Ease of operation=hard to control
This detachment may be playing a role in the Toyota unintended acceleration tragedies, Fisher said. For example, he said, drivers who pilot manual transmission cars are intimately aware of how to disengage their transmissions from the car's drive train by shifting into neutral, something they do dozens of times each day. But many automatic transmission drivers have never once put their car's gear box into the neutral position and have trouble performing that task in life-threatening crises.
Newer luxury cars have even more automation and ease-of-use features. The car most associated with the acceleration problem, the Lexus ES350, is particularly automated, Fisher said. It boasts push-button starting and a neutral position that's out of the driver's normal operation range.

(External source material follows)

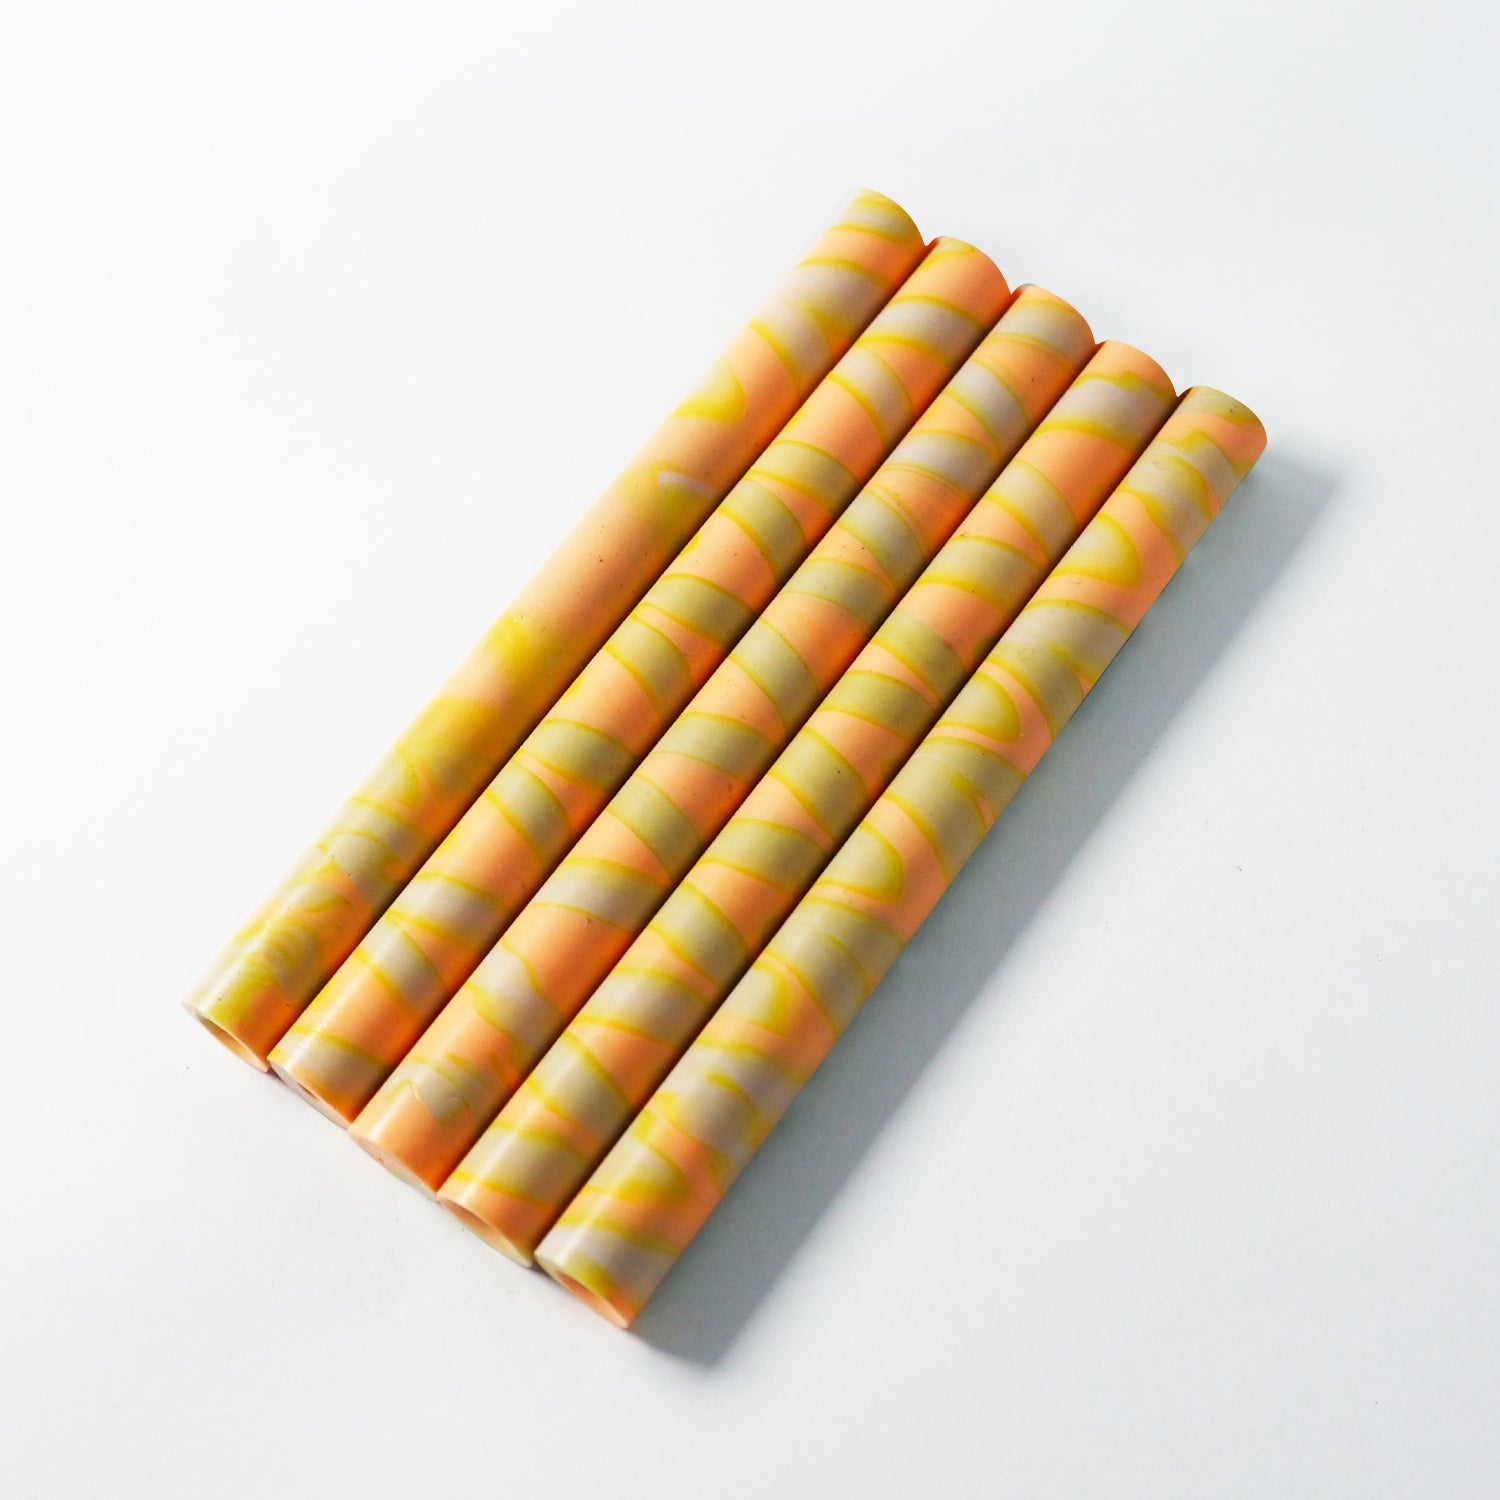 Dreamy Mixed Color Glue Gun Sealing Wax Stick - Mixed Yellow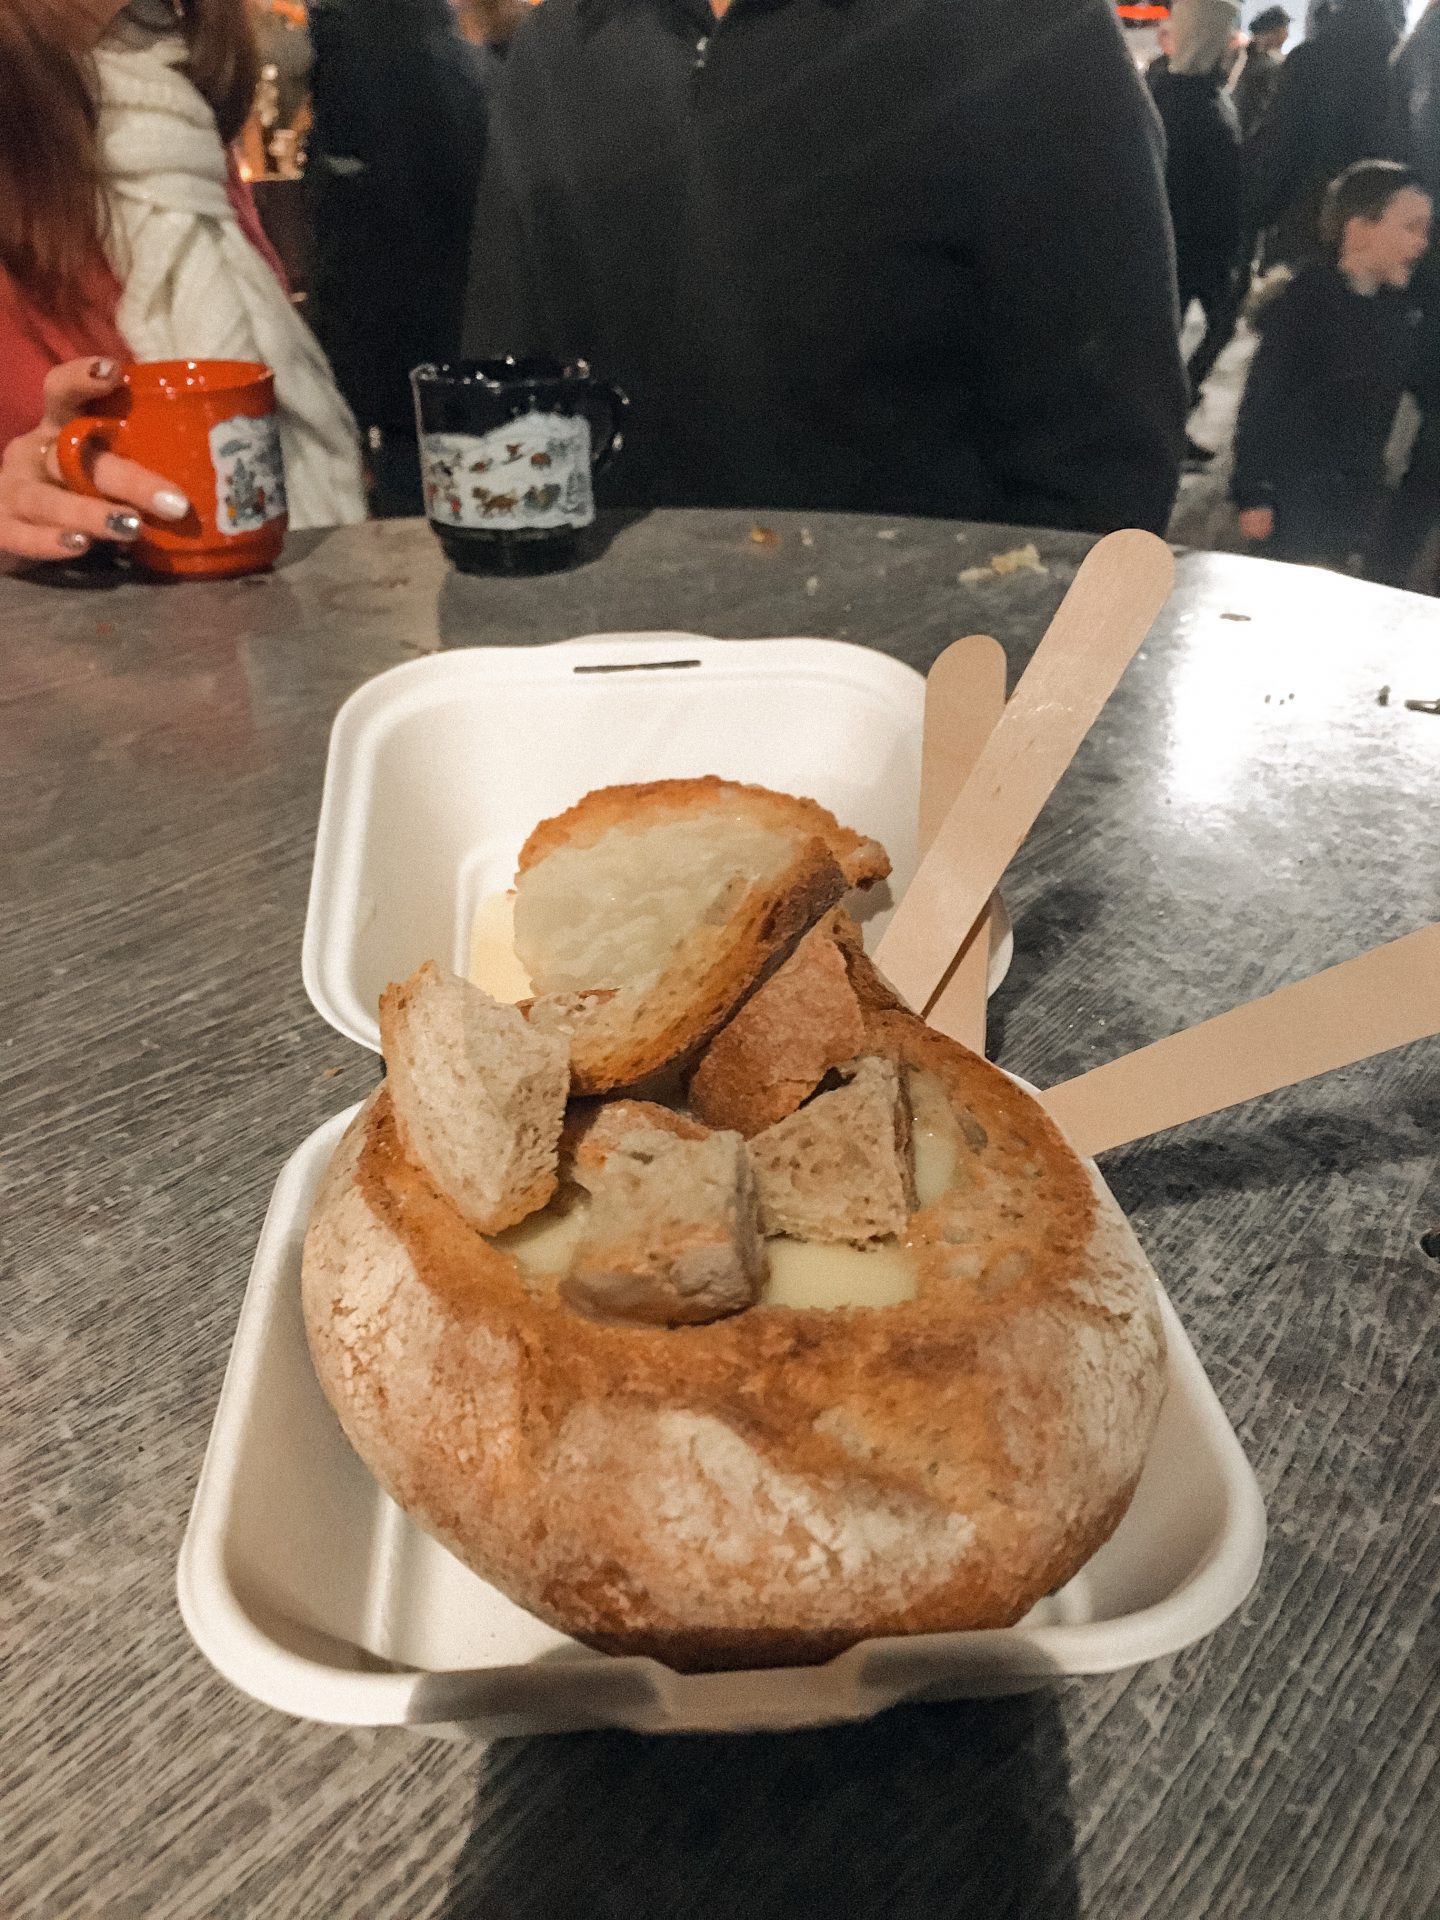 Cheese in a bread bowl - food as Edinburgh Christmas market

"It's a very isolating vehicle, he said. “That makes it incredibly easy to operate, but some things, like putting the car in neutral, are not obvious."
Norman disagrees with the detachment premise, and instead blames a lack of standardization in the new feature implementation.
"It's really a design issue," he said. "Every automobile has different ways of handling these things. ... We've all experienced a situation where you are in a new car and you want to blow the horn but you can’t find it. It's the same with the on-off switch."